Work to be completed: Among the entries below, retype exactly the lines starting with the one with "c. 1880s vintage" and going on through the one with "Jim Duffy adaptive ski lesson", but not the pictures.

Records for this exercise:
• • •
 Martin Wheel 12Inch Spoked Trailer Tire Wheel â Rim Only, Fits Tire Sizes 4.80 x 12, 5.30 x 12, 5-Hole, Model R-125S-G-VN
• • •
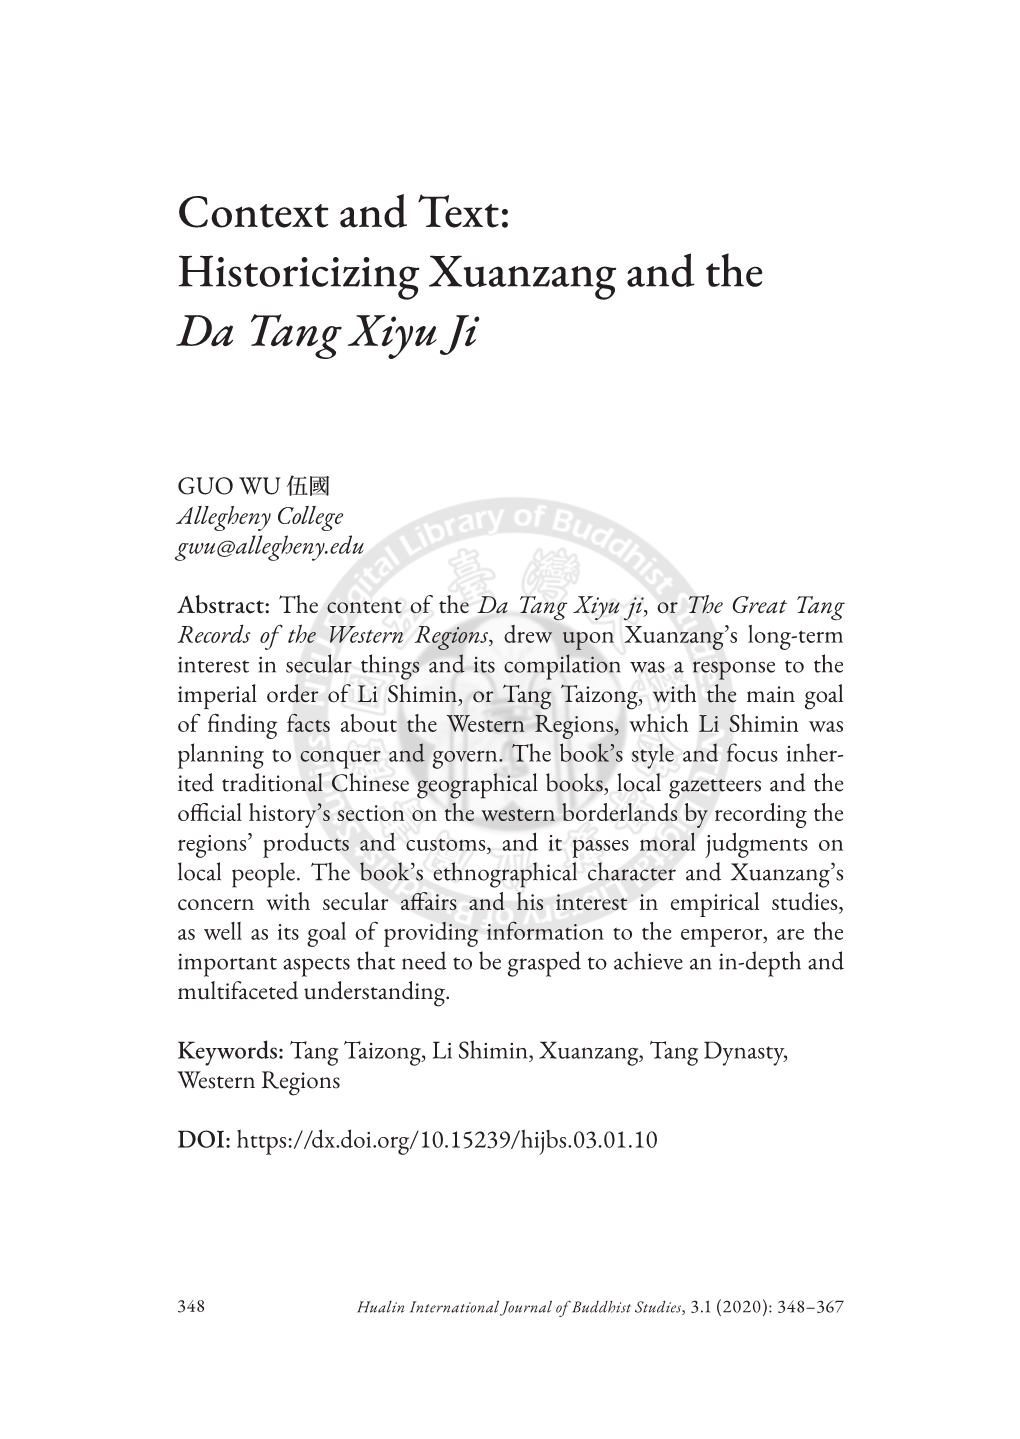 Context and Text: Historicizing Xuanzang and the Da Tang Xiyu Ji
• • •
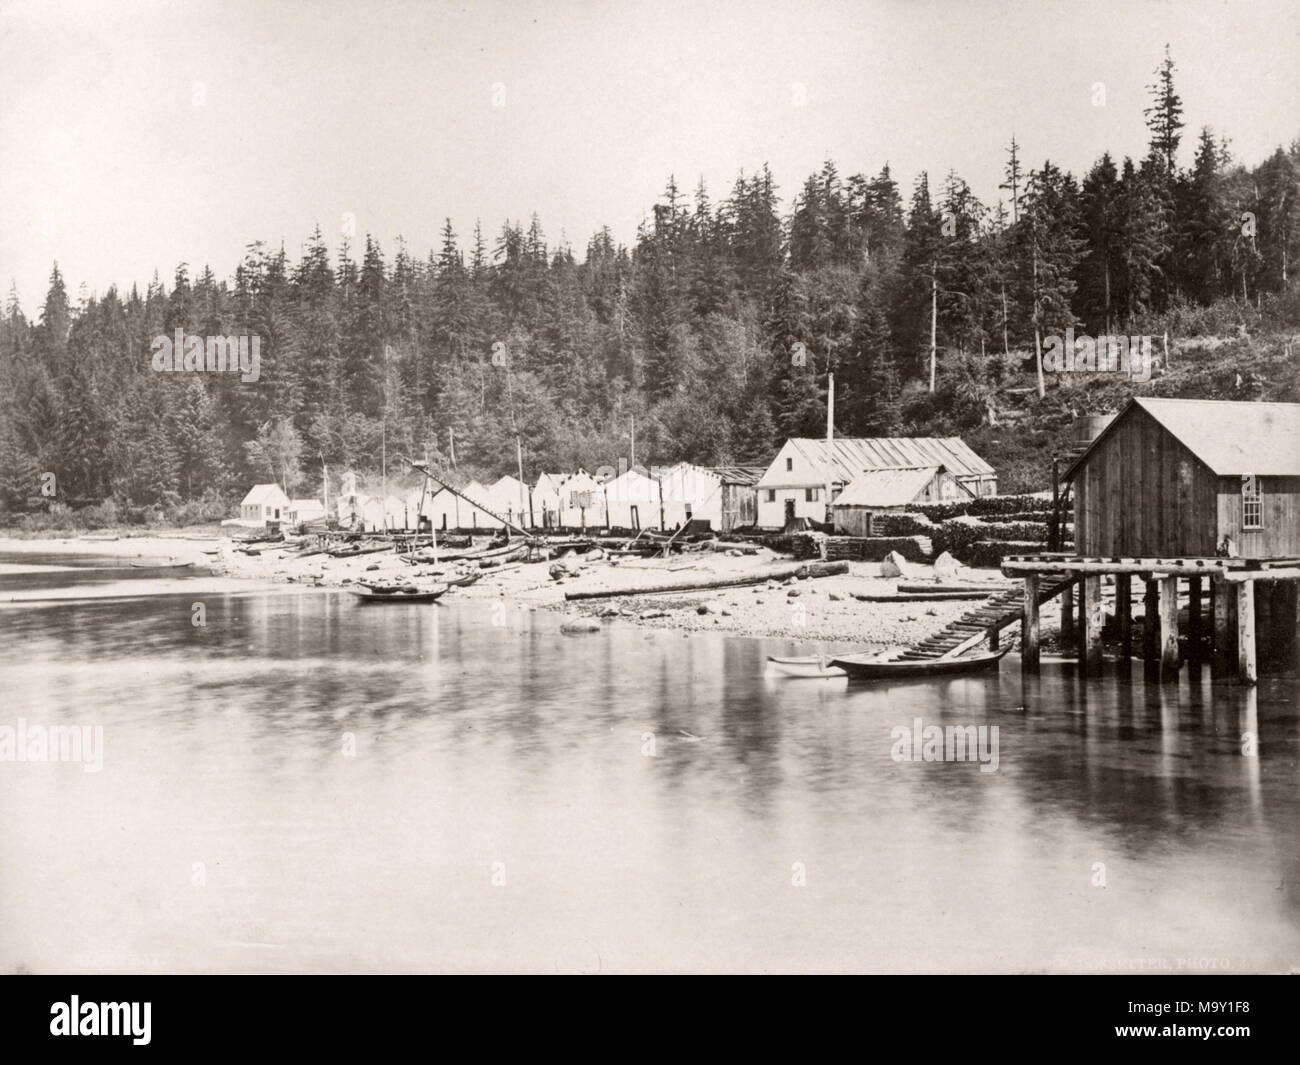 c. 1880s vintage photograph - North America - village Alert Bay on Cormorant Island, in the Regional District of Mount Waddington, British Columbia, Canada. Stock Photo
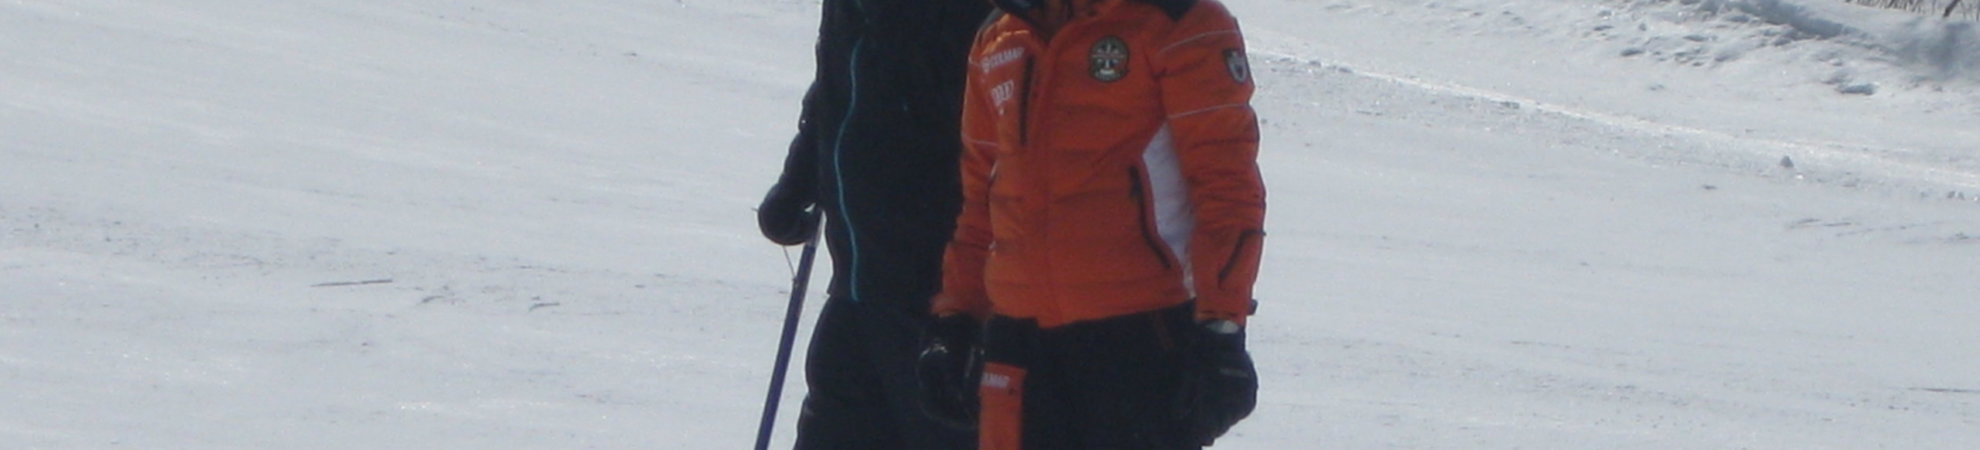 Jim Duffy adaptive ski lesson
• • •
Solution to this exercise:
 c. 1880s vintage photograph - North America - village Alert Bay on Cormorant Island, in the Regional District of Mount Waddington, British Columbia, Canada. Stock Photo
 Jim Duffy adaptive ski lesson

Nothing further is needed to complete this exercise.